Dr. Gutman said that moving forward, he is particularly interested in seeing improvements in biospecimen quality control and for the FDA to develop guidance on the development of predictive tests—both of which, he noted, are being tackled currently. The FDA expects to publish a draft guidance on predictive biomarker development later this year, and the NCI Office of Biorepositories and Biospecimen Research (OBBR) is working to improve the quality and consistency of human specimens.

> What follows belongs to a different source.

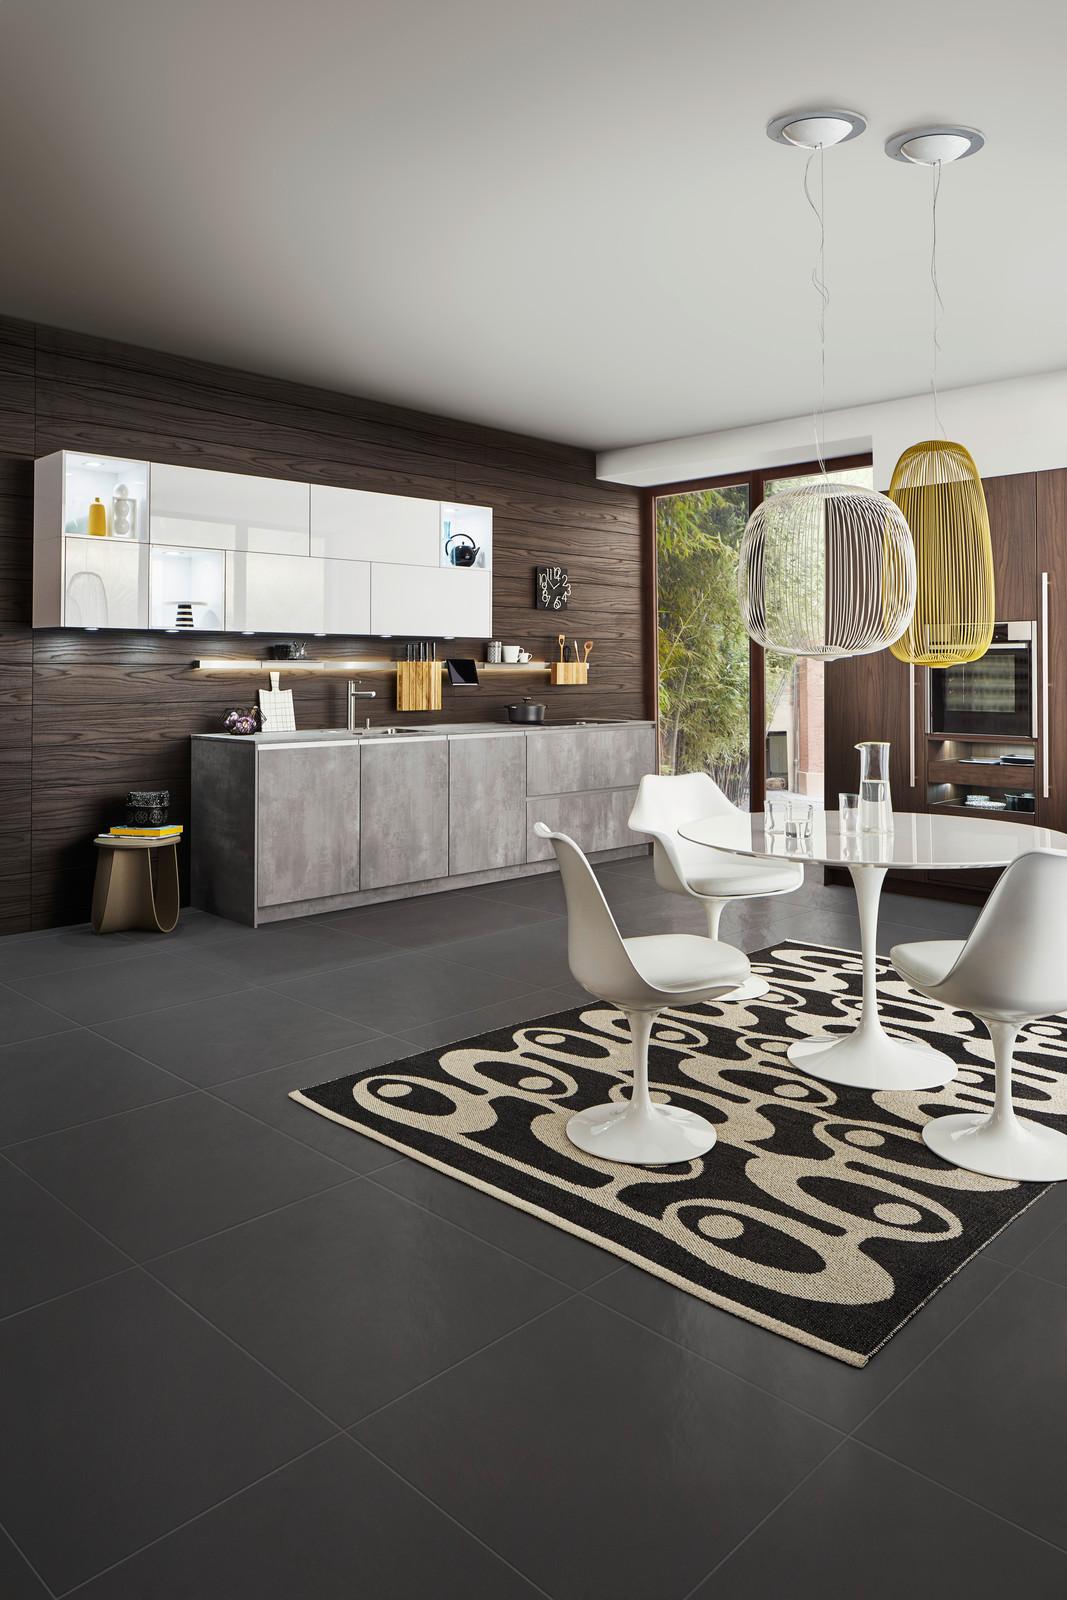 ... Warmly Lit Seating Alcove FIND MORE European Style Kitchen Cabinets  ORANGE COUNTY IN OUR PORTFOLIO Leicht South Coast Plaza, European Kitchen  Design.

3 Recommendations on Biospecimens
The consensus report includes three recommendations on biospecimens, including establishing standards and promoting routine quality assessment of biospecimens, developing publicly available oncology biospecimen reference standards for validation, and promoting research on biospecimen quality.

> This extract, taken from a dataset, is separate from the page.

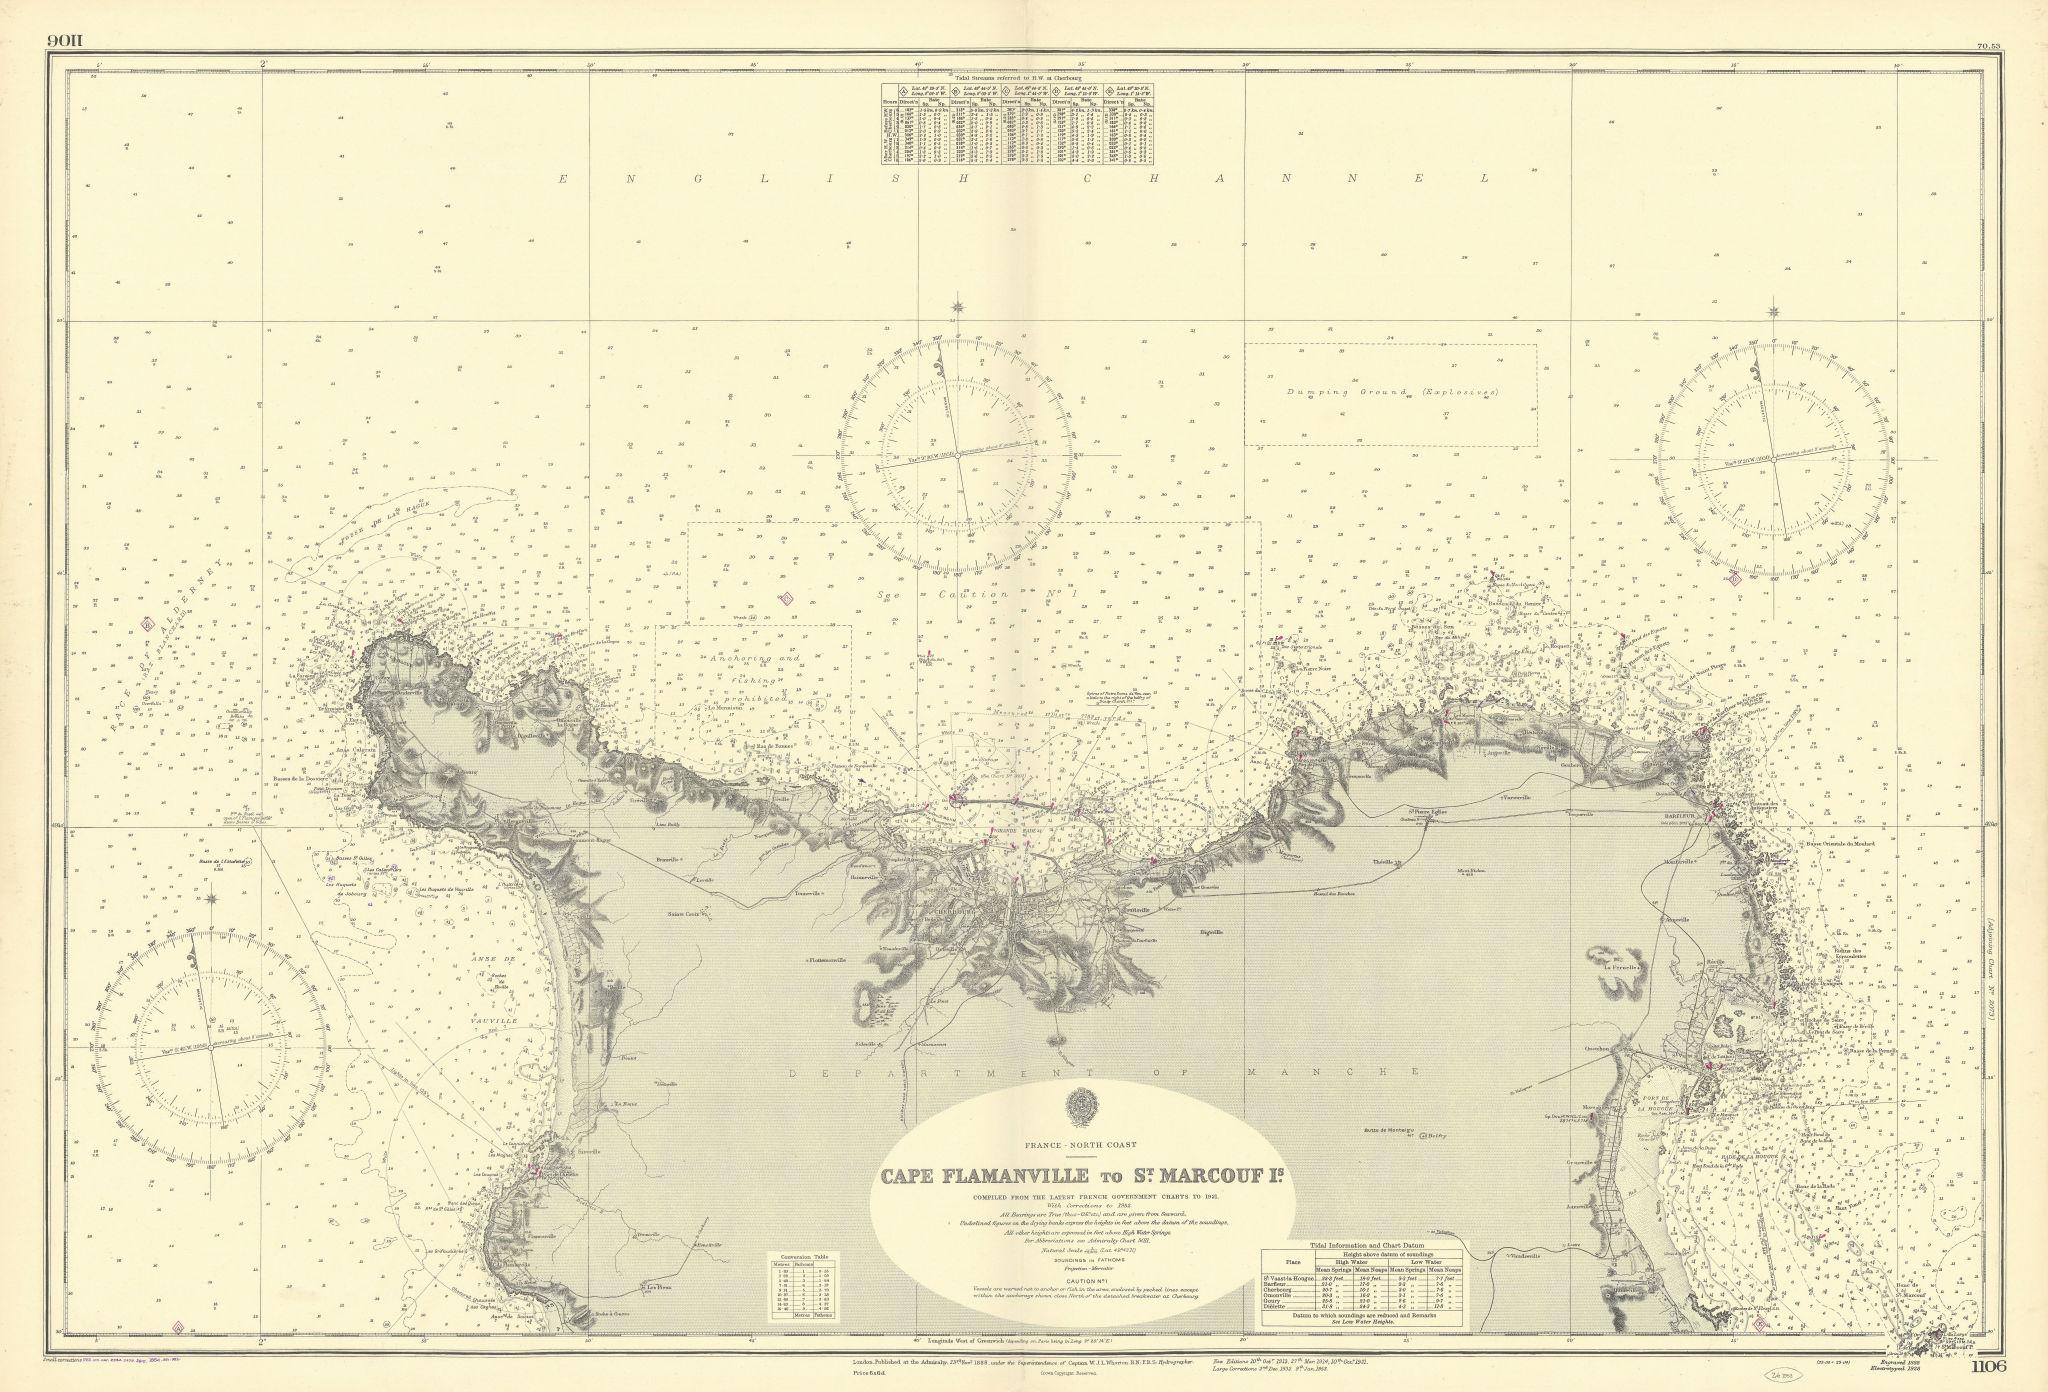 North Cotentin coast. Cherbourg. Manche. ADMIRALTY sea chart 1888 (1954) map

Although human biospecimens have been the basis of medical research forever, the quality of the samples has recently become more of an issue.
“Technologies for molecular analysis are so powerful, so cheap, and so fast, it makes it possible for investigators worldwide to use them,” said Carolyn Compton, MD, PhD, Director of OBBR and Co-Chair of the Biospecimens Committee for the AACR-FDA-NCI collaborative group.
“But because they are so powerful, they have raised the bar for the quality of analytes that are interrogated: They can now produce the wrong answer with spectacular speed if you don't use high-quality analytes on the front end.”
In the past, the bar for quality was relatively low, Dr. Compton noted. For example, immunohistochemistry tests required that only one molecular species, usually a protein, remained intact and detectable in a biospecimen. By contrast, current tests can measure thousands of species at the same time.
“If you don't know anything about the quality of the sample, that brings into question the interpretation of the data. It has proven exceedingly challenging, if not impossible, to reproduce data on biomarkers from center to center, study to study, and of course the question is: ‘Is this because the thing we are testing is so heterogeneous?’ We need to standardize what we are testing if we want to have interpretable results. And that brings it back to the biospecimens.”
To tackle this issue, Dr. Compton's NCI office is promoting research into biospecimen themselves—i.e., instead of just using the specimens to answer other questions, her group is supporting research on what variables affect biospecimen quality. For example, the group is interested in learning how long a tumor sample can sit between removal from a patient during surgery until fixation before it deteriorates and is no longer of sufficient quality for a given assay.
No Quick Fixes, but Significant Start
None of the participants interviewed for this article expect that the report will improve biomarker discovery and development immediately, but they do think it is a significant start. “These are pretty diverse recommendations looking at the biomarker development process from all different aspects, so some recommendation requirements are different than others. Some require refinement and further digging into the process, and hopefully that will be done,” Dr. Khleif said.
Everyone agrees though that a key feature of the AACR-FDA-NCI effort was that it brought together different stakeholders in biomarker development, including cancer researchers, regulators, product developers, industry, and funders. “Everyone had a little bit different perspective,” Dr. Compton said. “Everyone had a little bit different stake, different incentives, and different concerns. So it was important to bring everyone together to say “Okay what will it take?”
“There is a feverish effort and a gazillion dollars going into biomarker research and we are producing basically nothing. That's wrong. How can we fix it? It will take a little bit on everybody's side to make sure issues are addressed and to do it in a way that meets everyone's needs.”